I have a Maxant 3100h and notice that my pierco plastic frames fit a little snug compared to any of my wood frames. That wood frames drop in with ease and the pierco you have to fight with them a bit. I can't speak for Mann lakes frames yet but am going to extract a couple hundred lbs tonight and a bunch of the frames are Mann lake PF 100's. I also run 9 frames in a 10 frame box and have not had any real problems extracting fat comb. I do however use a electric uncapping knife. I must say I really like my 3100h but now I wish I got a bigger one with a motor!


----------



## Captainfester (May 1, 2012)

man Adam i wish i knew about the extraction demo.... does ur club or anyone you know rent the extractors?


----------



## Intheswamp (Jul 5, 2011)

Thanks, ya'll, for the info on the fit of the frames. Sounds like there's plenty room there. I've only seen the one message about the fat combs...must'ah been some really nice fat ones.  Ok, I'll strike through that concern.

I'll post again soon as another question arises. 

Ed


----------



## FindlayBee (Aug 2, 2009)

I just got a Maxant 3100H. The frames fit well, but are a tight fit. Any blob of propolis on the frames can make it a bit difficult to get the frame to seat properly into the bottom of the extractor.


----------



## MAXANT (Sep 13, 2008)

We have noticed the Pierco frames require the top and bottom ears on the baskets to be trimmed back 1 1/8 inch to allow for the larger side bars.


----------



## joan (Mar 13, 2012)

Ahoy Captain, I have a 2 frame Mann-Lake hand crank here in North Guilford if you want to try it. Did 8 mediums ( 20lbs) in about an hour.


----------



## Captainfester (May 1, 2012)

thanks joan, we shall see if there is any honey to extract. ill keep you in mind if we do.


----------



## BeeCurious (Aug 7, 2007)

I just extracted some honey on a friend's 3100H.

Fat frames were "trimmed " while pressing them down into the basket.

Mann Lake's PF-120 frames seemed to require a certain finesse to load them. They fit, but seemed to required an extra jiggle.

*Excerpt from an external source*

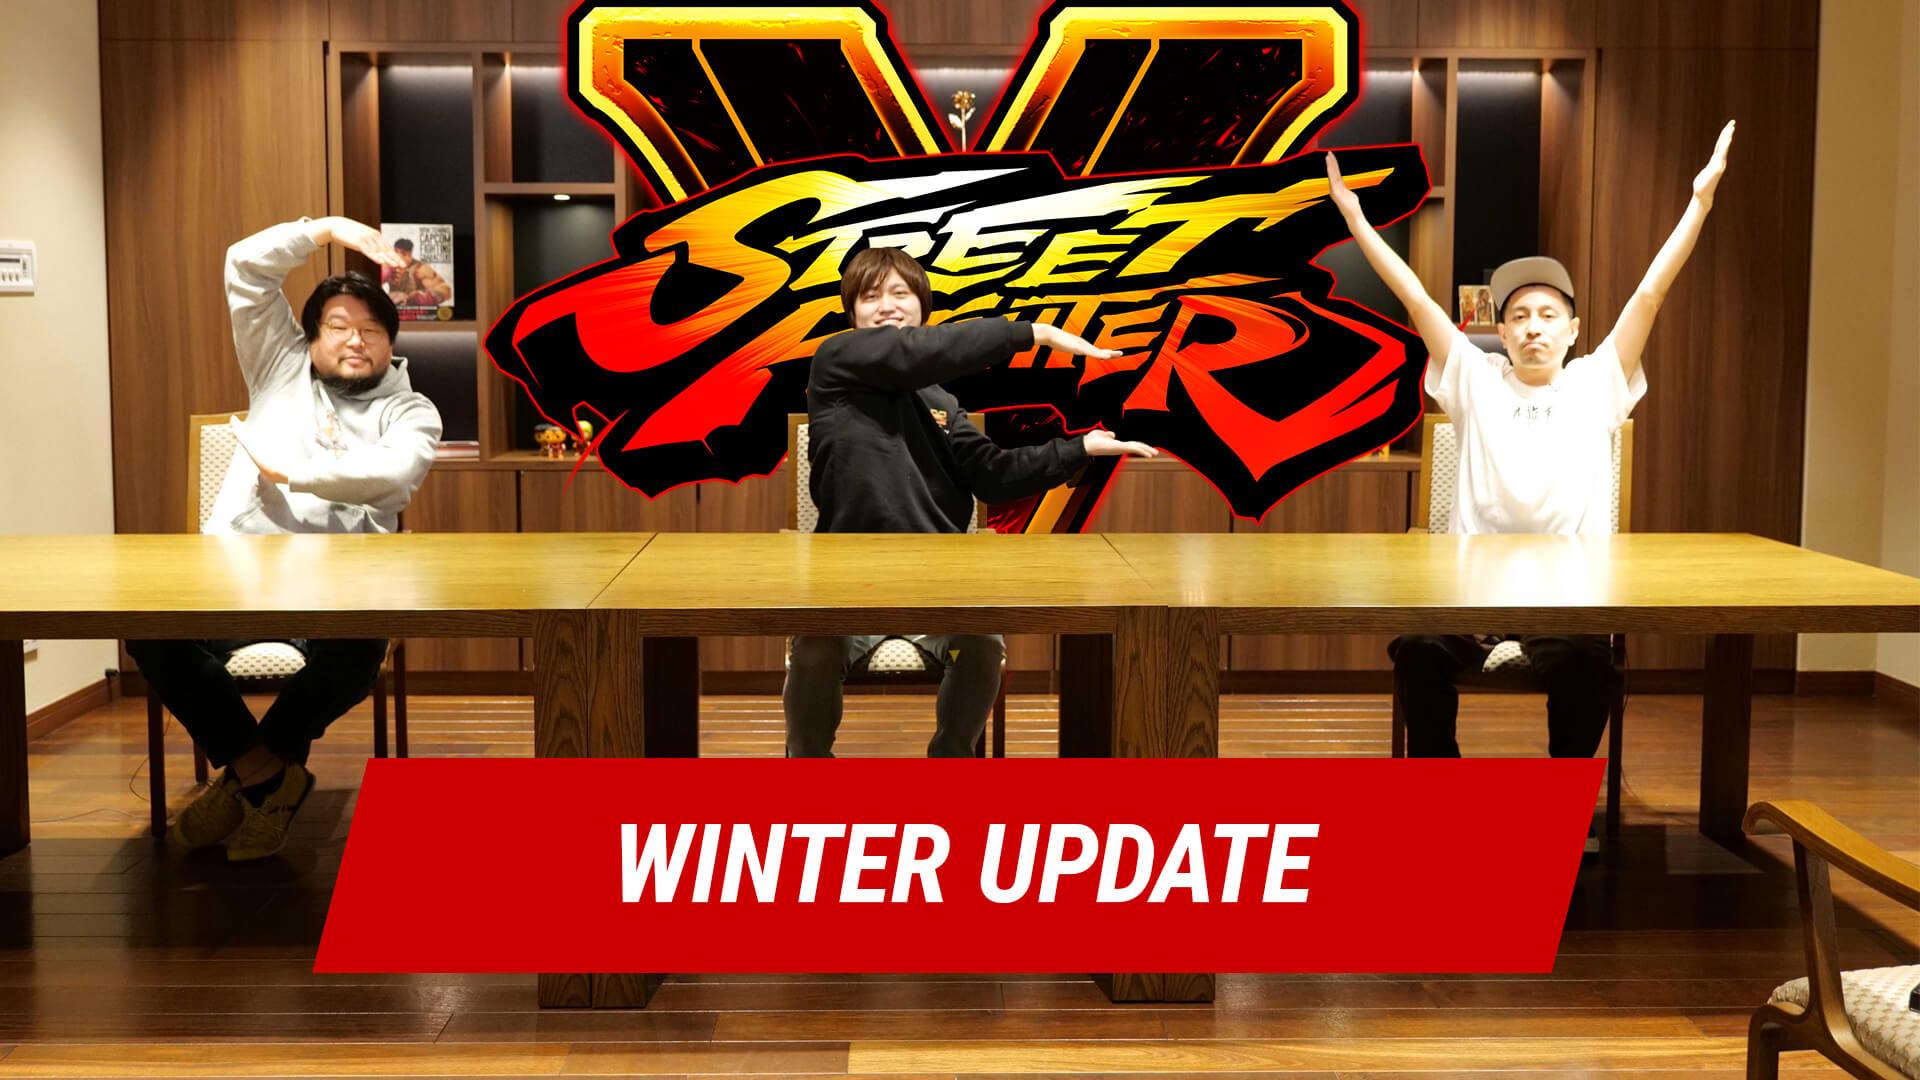 Street Fighter Winter Update

I belive a chain drive, or gear drive would offer less resistance than the belt drive.


----------



## rjmeyer (Apr 6, 2012)

I'm a first year beek, purchased the Maxant 3100m, all my hives have medium pierco frames. i was fortunate to be able to harvest honey this season.
The Pierco frames were a real struggle to get in, but being the mcguyver that i am i took a combination wrench ,put a screwdriver through the box end and slipped the open end over the forks that hold the frames and tweeked them outward 1/8 '' each and they slipped in like gold. took all of 5 minutes and what a beautiful extractor. I mounted it on a board with coaster wheels and even when loaded unevenly it bearly moved and did a great job extracting, a real solid unit i would highly recommend it to anyone looking for a extractor.


----------



## Riskybizz (Mar 12, 2010)

Maxants website literature regarding the 20 frame extractor clearly states that it will load wood or plastic frames without modification. Does this just modification issue apply to just their Model 3100 or the 20 frame model as well? I ordered a Dadant 20 frame extractor last week that was delivered yesterday and I am looking forward to setting it up this weekend. One of the factors for my purchasing the Dadant was because of the posts here concerning some of the plastic frames that don't fit well without modification to the basket. If you do have to make field modifications on the Maxant then it would be nice to have them state that in their literature. I have not used their extractors so I'm not sure which ones have that issue. On a non-related issue Maxant, your website info for your Model 900 Melter says it melts "Christallized" honey but i'm sure you meant to spell crystallized. Great website and I like my Maxant bottler.


----------



## MAXANT (Sep 13, 2008)

Its with the 3100 recent batch as we changed the design of the "ears" on the basket. Due to the fat pierco side bars, the tabs need to be trimmed back 1 inch (or opened up)on all 6 tabs, top and bottom. This doesnt affect anything when using wood frames.
We will make the revision on the next batch we make. 
Thanks for the heads up on the spelling, and enjoy your new Dadant extractor, its a nice unit.


----------



## Intheswamp (Jul 5, 2011)

Anybody know what guage SAF Natura uses for the 9 and 18 frame extractors?

Ed


----------



## MAXANT (Sep 13, 2008)

24


----------



## Intheswamp (Jul 5, 2011)

Thanks, Jake. Did you per chance get an email from me?

Ed


----------



## Intheswamp (Jul 5, 2011)

Hmm, been trying to get in touch with Jake/Maxant for the last two days via here and email but haven't heard from him except for the reply about the SAF gauge metal. Anybody heard from him?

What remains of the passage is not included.